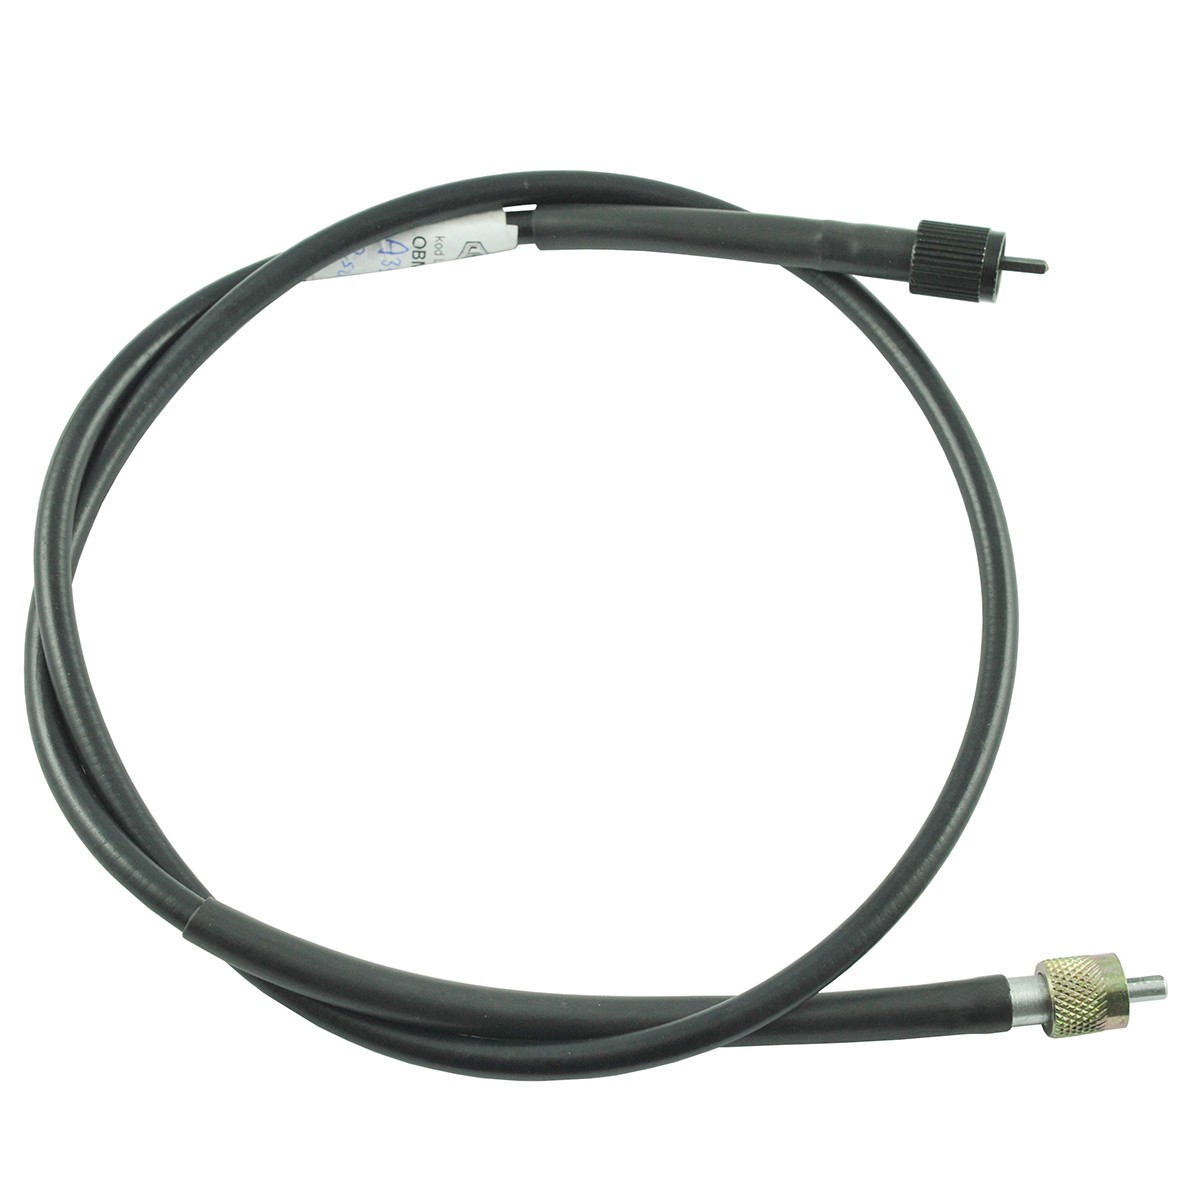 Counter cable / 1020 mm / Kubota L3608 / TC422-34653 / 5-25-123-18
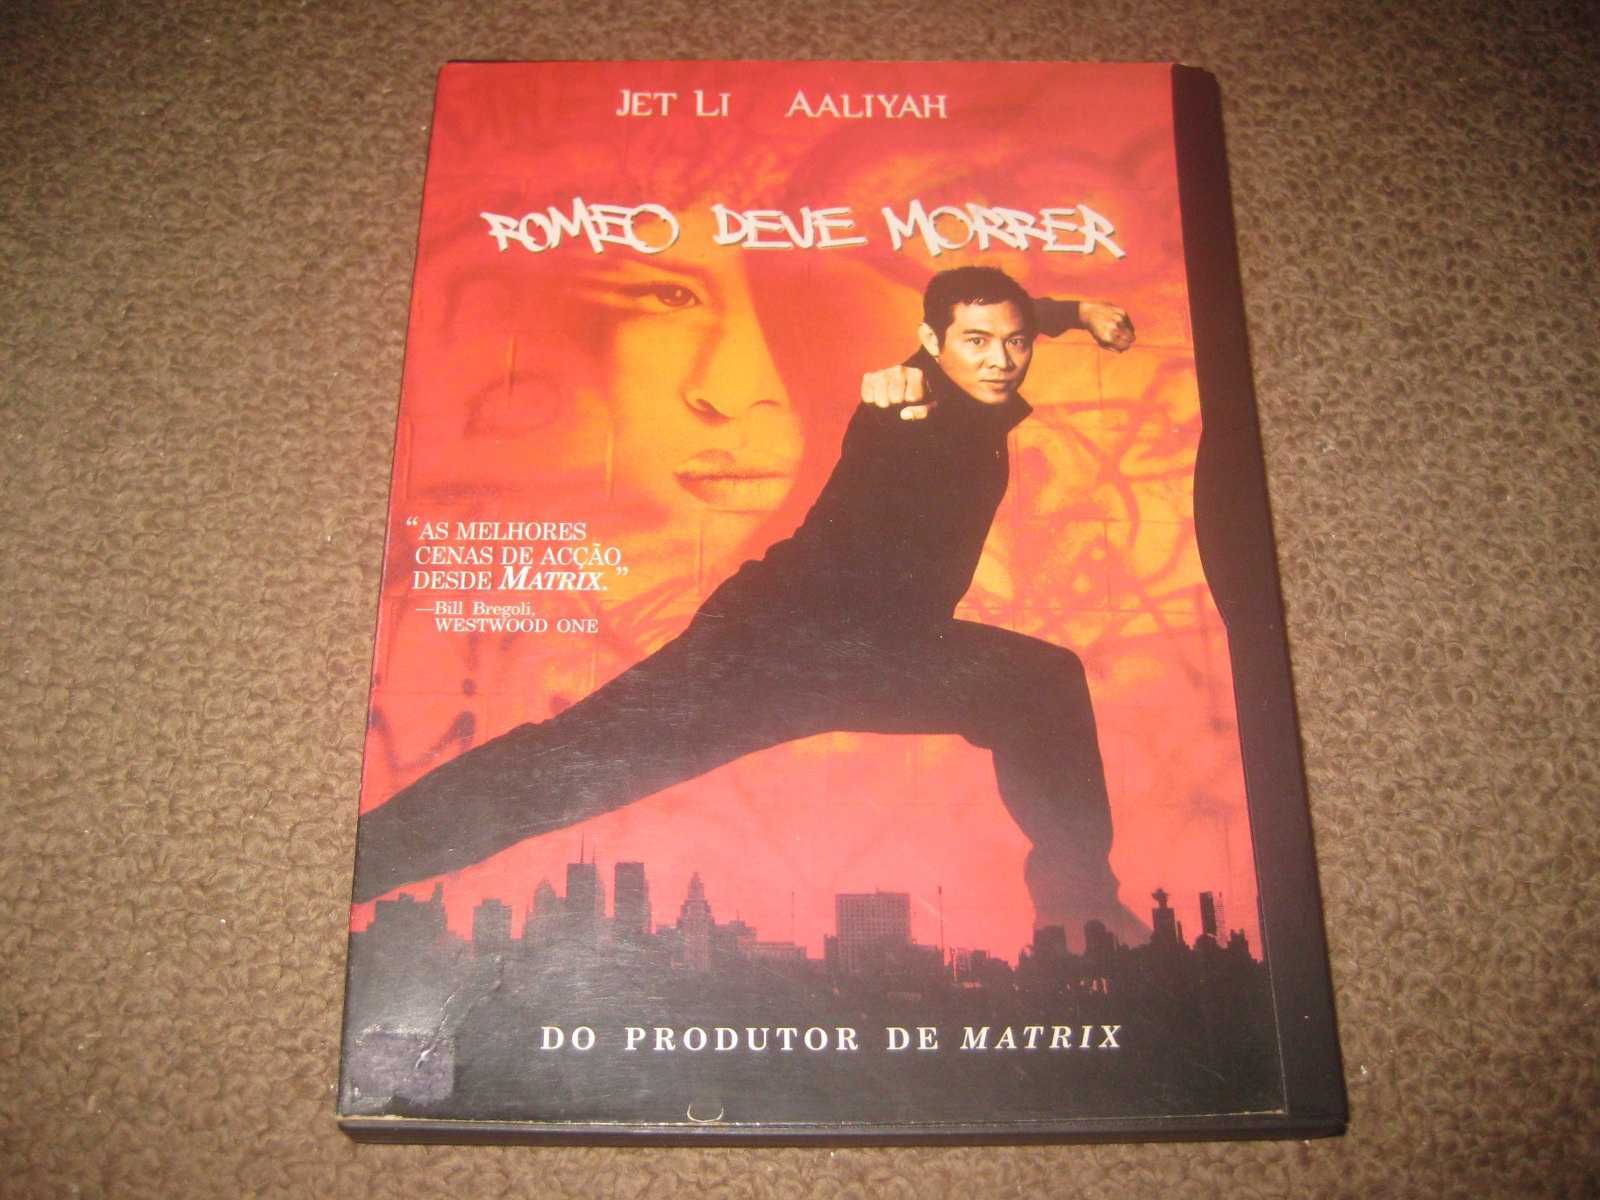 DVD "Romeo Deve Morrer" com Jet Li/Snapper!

☆ ☆ ☆ ☆

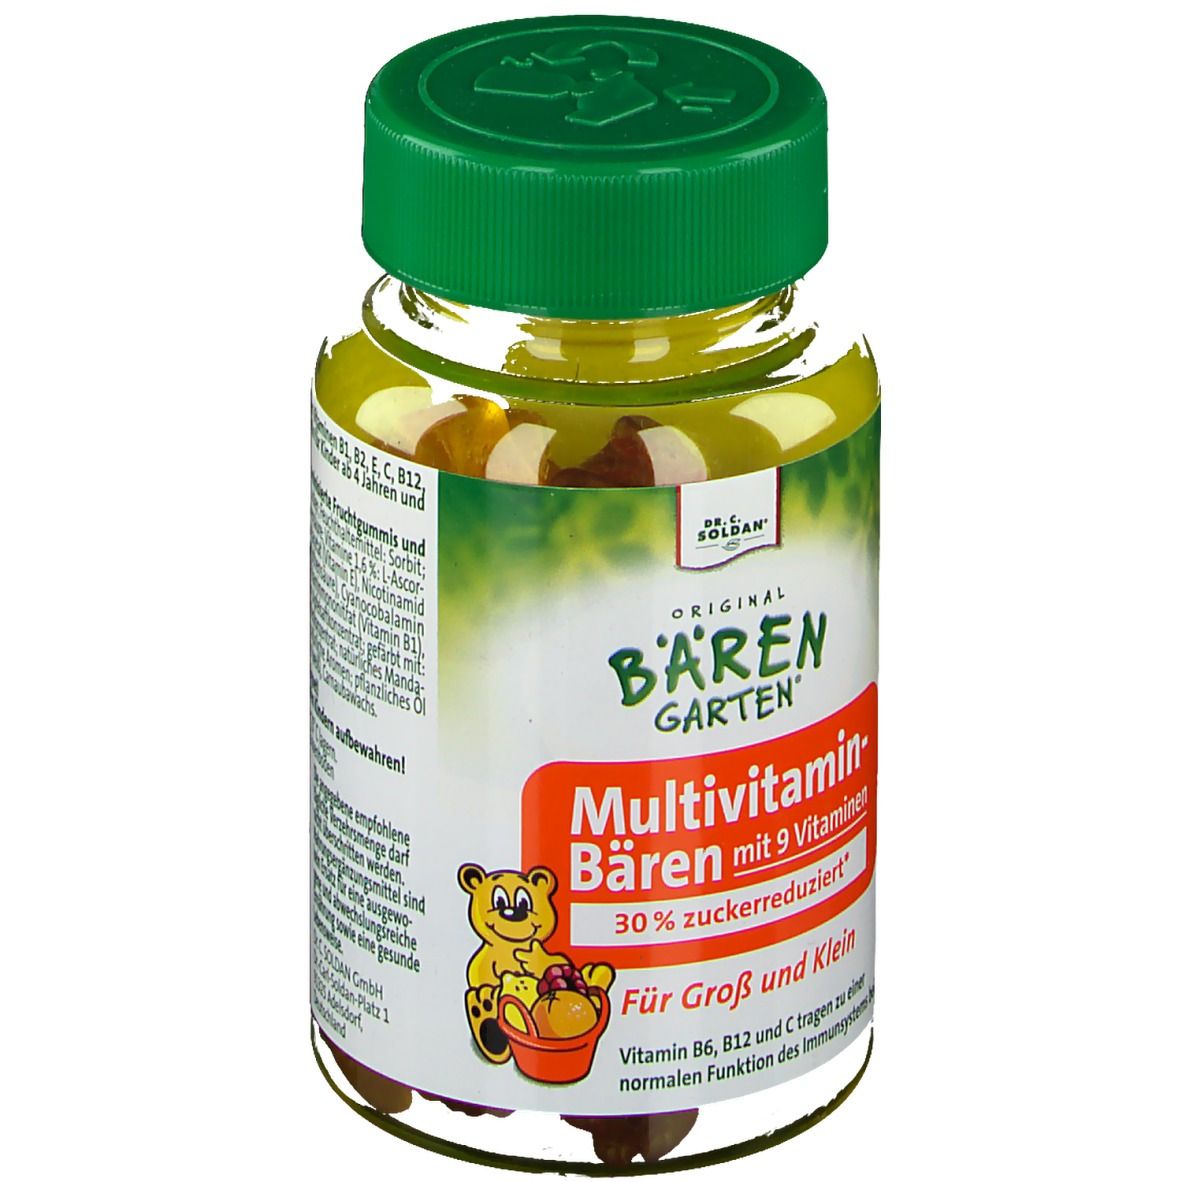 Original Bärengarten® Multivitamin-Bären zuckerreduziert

☆ ☆ ☆ ☆

Activity:
Print from the line containing "Counter cable /" through the line containing "com Jet Li/Snapper!" in the data above, exactly as the lines stand, and omit every picture.

Written response:
 Counter cable / 1020 mm / Kubota L3608 / TC422-34653 / 5-25-123-18
 DVD "Romeo Deve Morrer" com Jet Li/Snapper!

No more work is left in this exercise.